● **Records provided**:

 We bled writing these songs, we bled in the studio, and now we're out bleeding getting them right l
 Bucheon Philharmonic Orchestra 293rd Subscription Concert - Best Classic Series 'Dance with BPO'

* * *

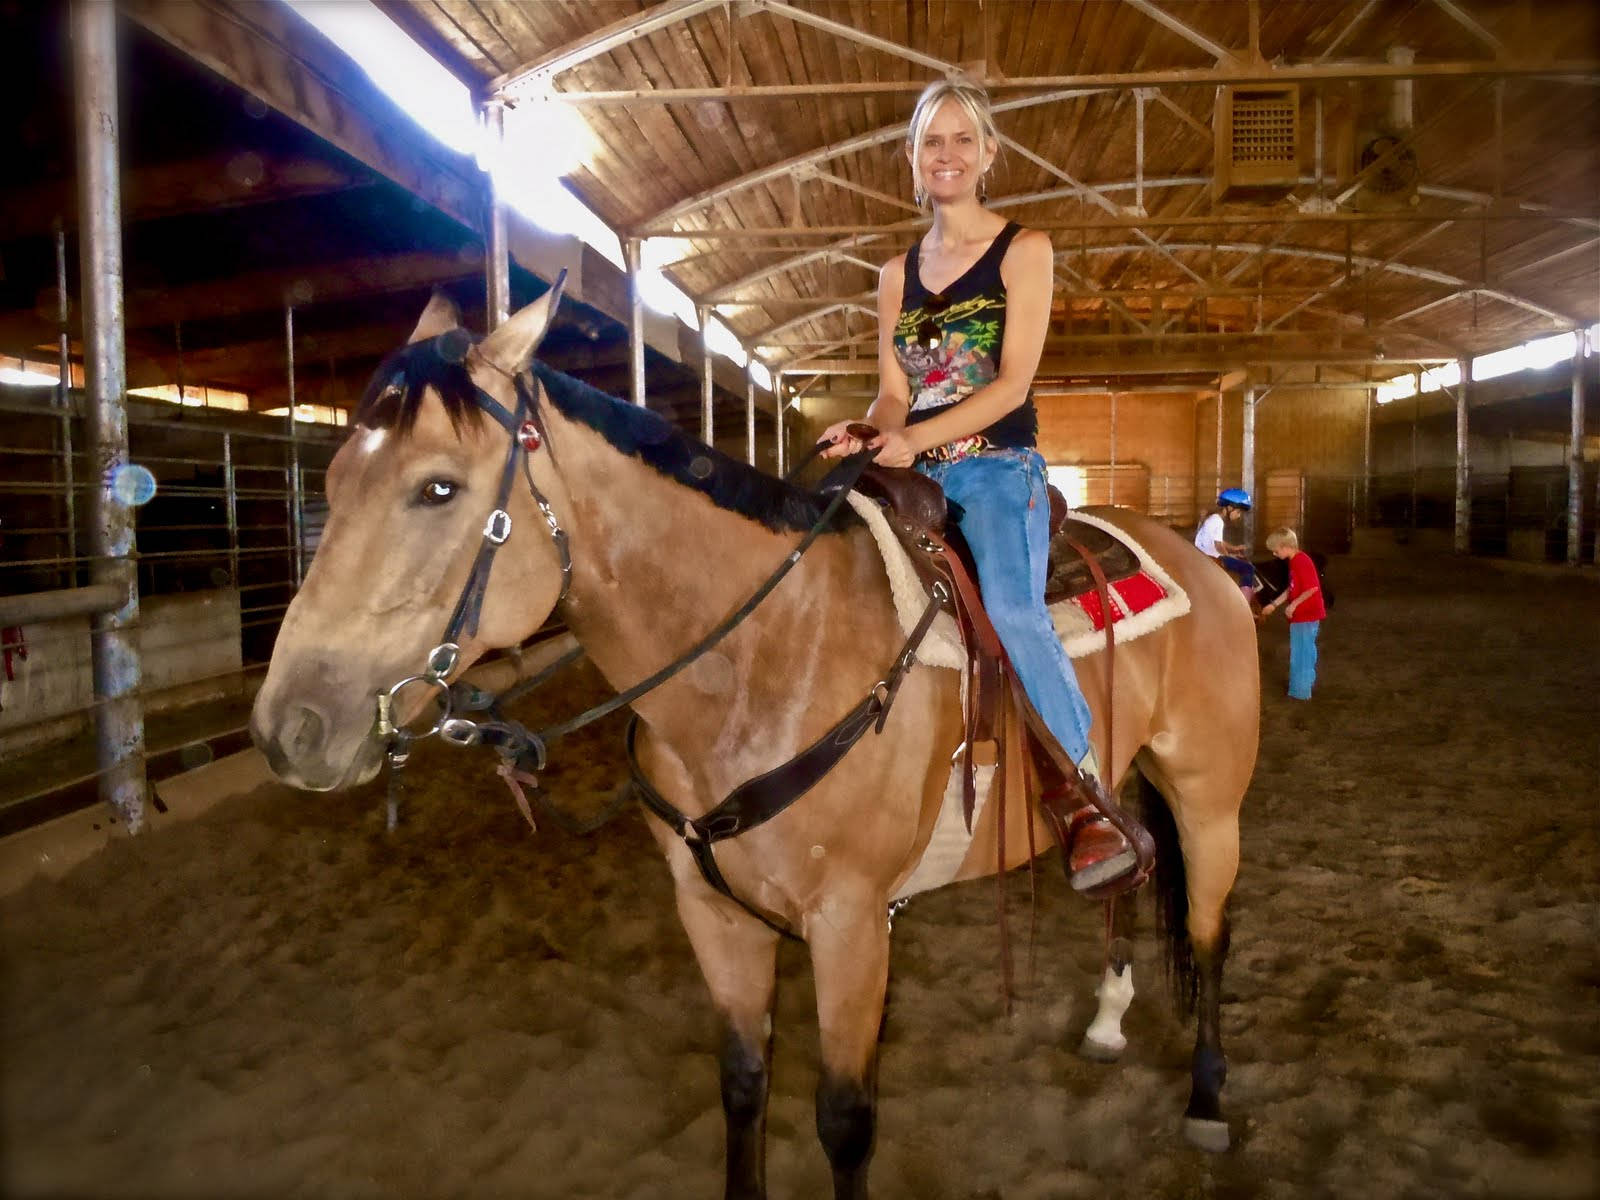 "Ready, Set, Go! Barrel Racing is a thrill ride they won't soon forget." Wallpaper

● **Assignment**:
Your task is to transcribe, with no changes, only the lines of the listing above that lie between the line holding "We bled writing" and the line holding "Bucheon Philharmonic Orchestra", inclusive.

● **Task answer**:
 We bled writing these songs, we bled in the studio, and now we're out bleeding getting them right l
 Bucheon Philharmonic Orchestra 293rd Subscription Concert - Best Classic Series 'Dance with BPO'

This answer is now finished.